Claiming Addison
By: Zoey Derrick“Then why don’t you pack up a few things and come stay at my house while I’m gone,” I tell her.
“Addie, seriously, I can’t do that.”
“Shut up, Sam. You can too. It will give you a nice break from mega-watt-bitch and you can eat up all the groceries I just bought this weekend. Plus, it will give me peace of mind knowing that someone is watching over the house besides my housekeeper who only comes once a week.”
I know she’s rolling her eyes. Sam isn’t a broke girl by any means, but for some reason, despite all the bullshit with her roommate, she’s never moved out. I’ve met the roommate on more than a few occasions and she’s just pissed off at the world, at least from what I can tell. Despite all her bitching, Sam doesn’t do anything about it.
“Alright, I’ll do it, but I can’t promise I’ll leave when you get back,” she says.
I smile. “I’m hoping that’s the case. Meet me at the haunt, say seven?”
“You got it, see you there. Should I bring Jess?”
“Uh, sure, why not? Then tomorrow night you can start staying here.”
“When you leaving?”
“Thursday,” I tell her.
“Your house will be alright while I’m gone in San Diego, right?” she asks.
“Yeah, Maria will be here Friday. I’ll let her know that someone else is staying here so she doesn’t freak out on you and I’ll make sure the house is locked up tight for the weekend.”
“Sounds good, see you in a bit.”
“Absolutely.”
We hang up and I dive back into packing. Hoping to god that neither one of them pressure me too much about who I’m going on tour with. Then again, they both know what industry I work in and they have no clue who any of my clients are or have been. Though it will be hard to keep the 69 Bottles thing from them once we’re in San Diego, which is why I plan to indirectly tell them what’s what.
In the big bad scary envelope are two exclusive VIP badges, usable for each show. I intend to have them given to Jess and Sam when they pick their tickets up at Will Call. Their suspicions will already be high enough as it is when I don’t show up to meet them outside the theater before the show.
My phone goes off with a text.
Sam: Where r u?
I look at the time. Shit! It’s already seven. CRAP!

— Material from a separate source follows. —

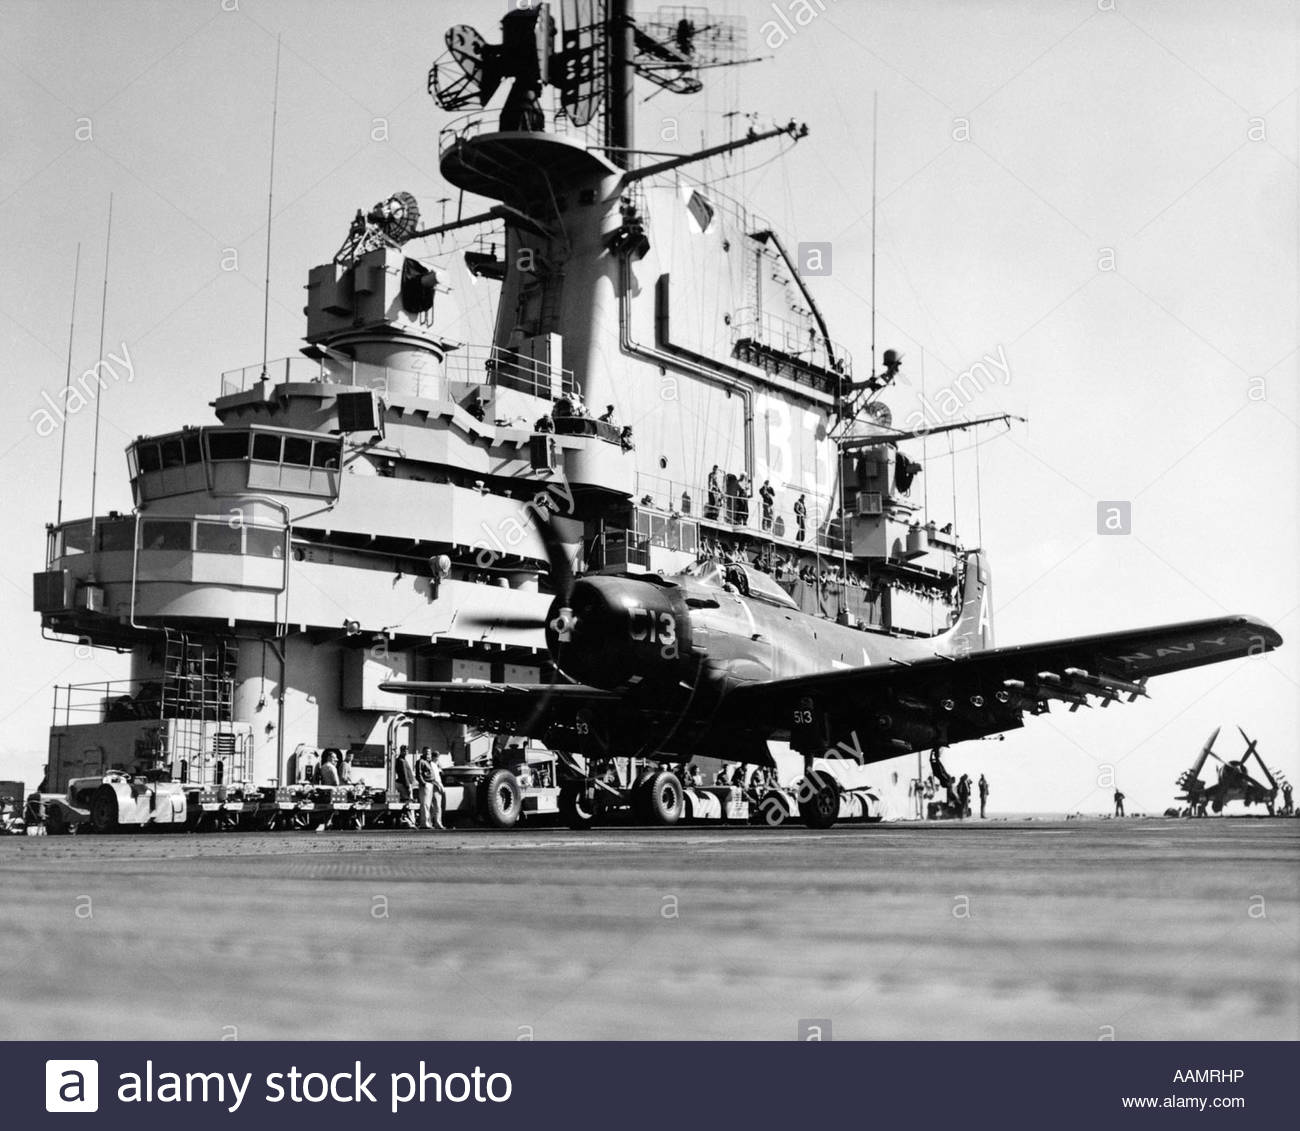 battleship clipart war ship

Me to Sam: I’m running out the door now. C U in a few.
Sam: Hurry up woman!
Okay, okay, I get the hint. I grab my purse and bolt for the door. Crap, I didn’t want to be late, where the hell has today gone? God, I hope tomorrow isn’t like this or I’m screwed.
Despite the monumental amount of alcohol we consumed last night and that I hardly slept, I feel great this morning. Maybe that’s why I feel great? Still drunk. When I did finally manage to pass out, it was nearly four and I didn’t wake again until after eleven.
Which means I have been running around nonstop since noon, and I am finally ready to go. Suitcases are packed, laptop, iPad and new work cell phone are on the charger. Calls from personal phone forwarded to work phone, though I am still taking it with me since I don’t have time to transfer my contacts. My personal phone is partially paid for by Bold, one of the perks I guess, but some months that stipend is hardly enough to cover the actual work related use. Being a PR Rep means I am on call 24/7, 365 days a year. I’ve actually only been awoken in the middle of the night once, but I have had more than a few weekend calls. For the most part, between 7 in the morning and 10 at night, I’m fair game. All of my clients and their ‘staff’ are given explicit instructions about what constitutes an after 10 or weekend emergency. Though I guess, going on tour puts me at their beck and call all day every day.
Sam is on her way over with Chinese takeout, and I have two bottles of wine ready to rock. We chatted a lot last night at the bar and Jess did a great job of making me feel guilty about ditching the vacation plans. But once I told her this is a major career boost for me, she dropped the guilt trip. Miraculously, it only took me one time of reminding them that I can’t discuss my job with them and they let it go after a promise that at some point they will figure out what the hell is going on.